# ISO Recipe for Dave Hutchins' Spice Blend



## Barbara L (Sep 15, 2009)

I'm just curious--Did Dave happen to give any of you the recipe for his spice blend?  I use it all the time, and I know it won't last forever, so I would like to duplicate it if I can.  I know it has a lot of different spices, and I know what some of them are but not all.  

Barbara


----------



## SierraCook (Sep 19, 2009)

Here you go, Barbara.  I copied this a long time ago from one of Dave's posts.   Obviously, you will have to reduce the ingredients or you will have way more than you need or want to have.  

SC

Chef’s salt

 6# kosher salt 
 2# sugar
 2 oz.
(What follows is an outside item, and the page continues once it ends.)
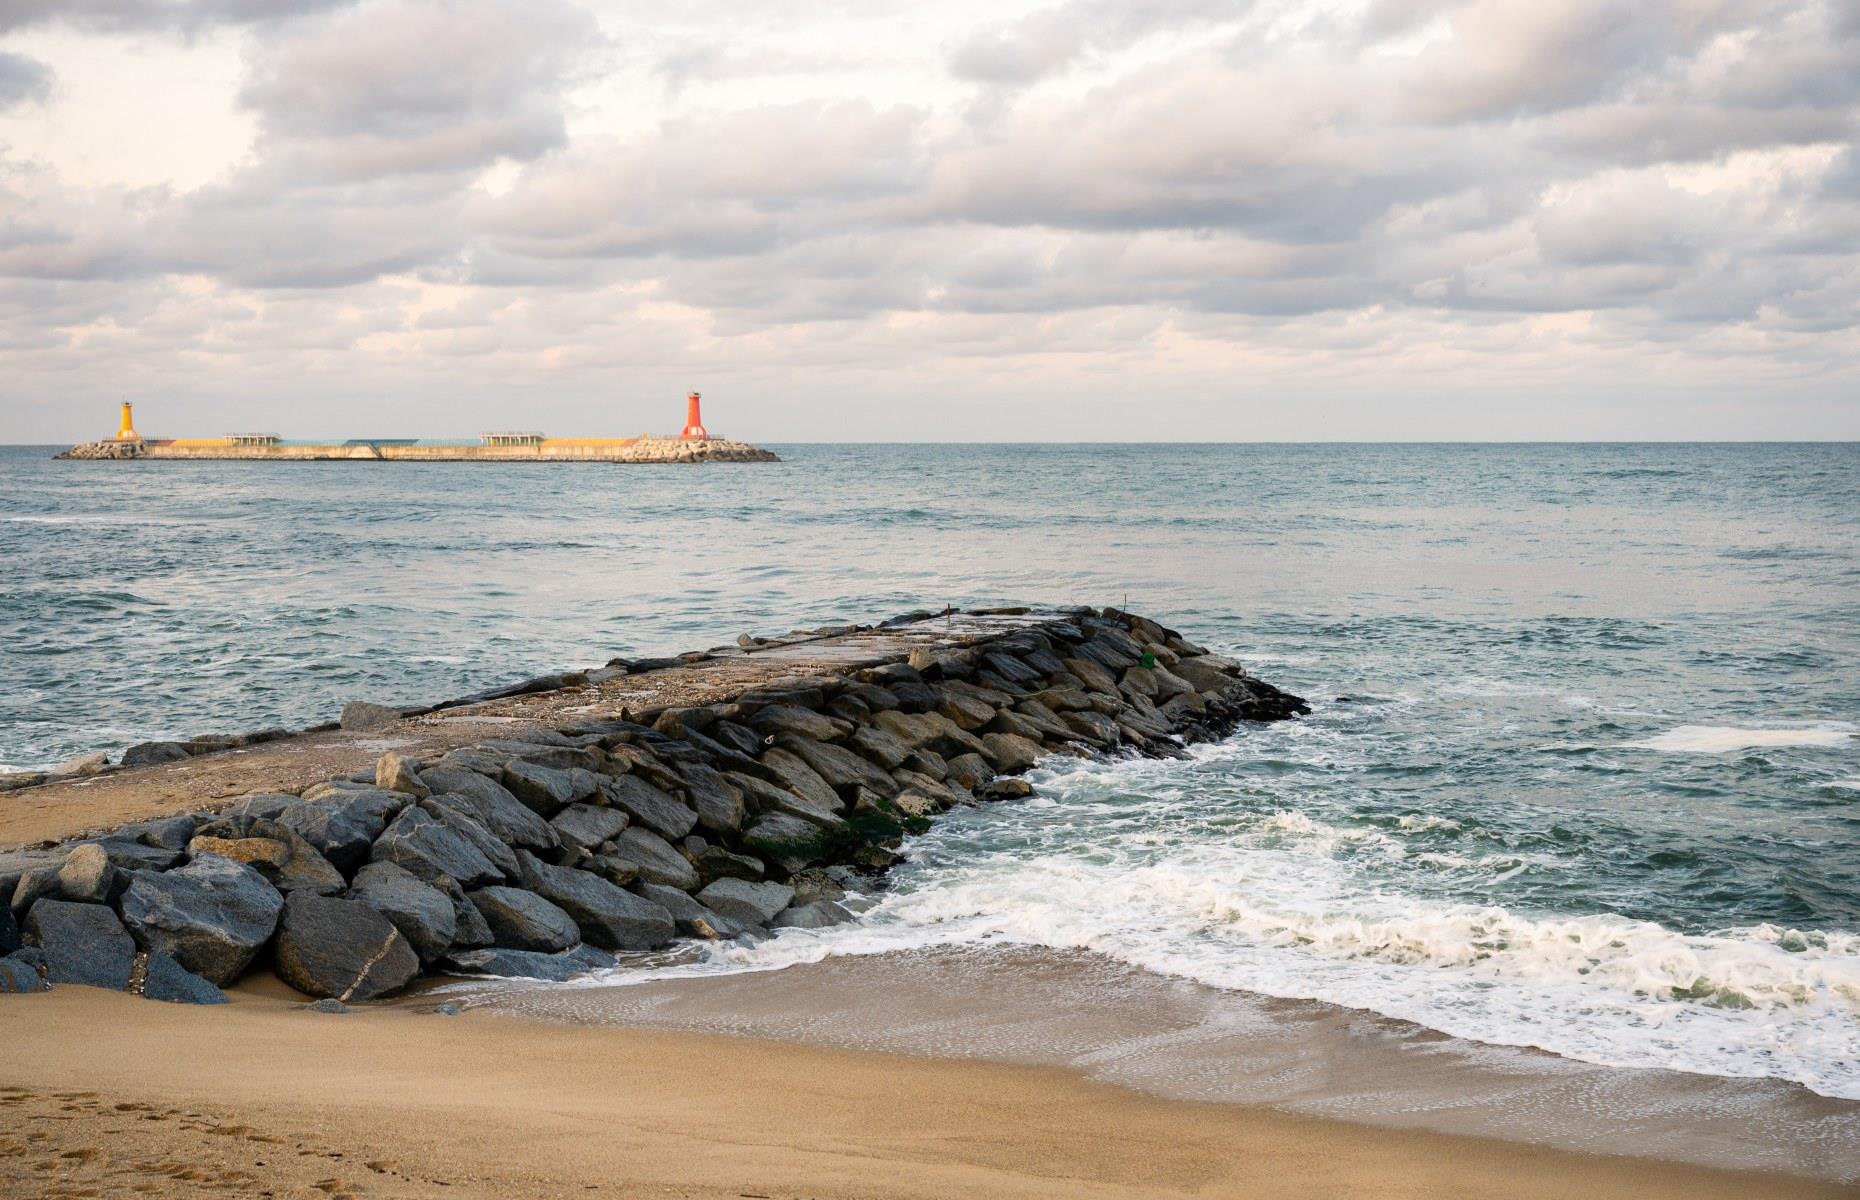 <p>Gangneung is a popular K-drama filming location. Head to Jumunjin Breakwater, pictured, to recreate the classic scene from <em>Goblin</em> (if you know, you know) and spot a series of colorful lighthouses. A little way up the road you’ll find the famous BTS Bus Stop, where the K-pop superband BTS shot their <em>You Never Walk Alone</em> album cover.</p>

Cayenne pepper 
 1# fresh cracked Black Pepper
 2 oz celery salt
 2 oz granulated Garlic
 2 oz Colman’s dry mustard
 1# MSG –Accent--- Aji No Moto,  Optional

  Mix very well and keep in an air tight jar.


----------



## Barbara L (Sep 19, 2009)

Thank you!  I still have most of a bottle, but I will copy and save this so that I can make more later.  

Barbara


----------



## jabbur (Sep 19, 2009)

That sounds good!  What all do you use it on Barbara?  It sounds like a great mix for grilled meats.


----------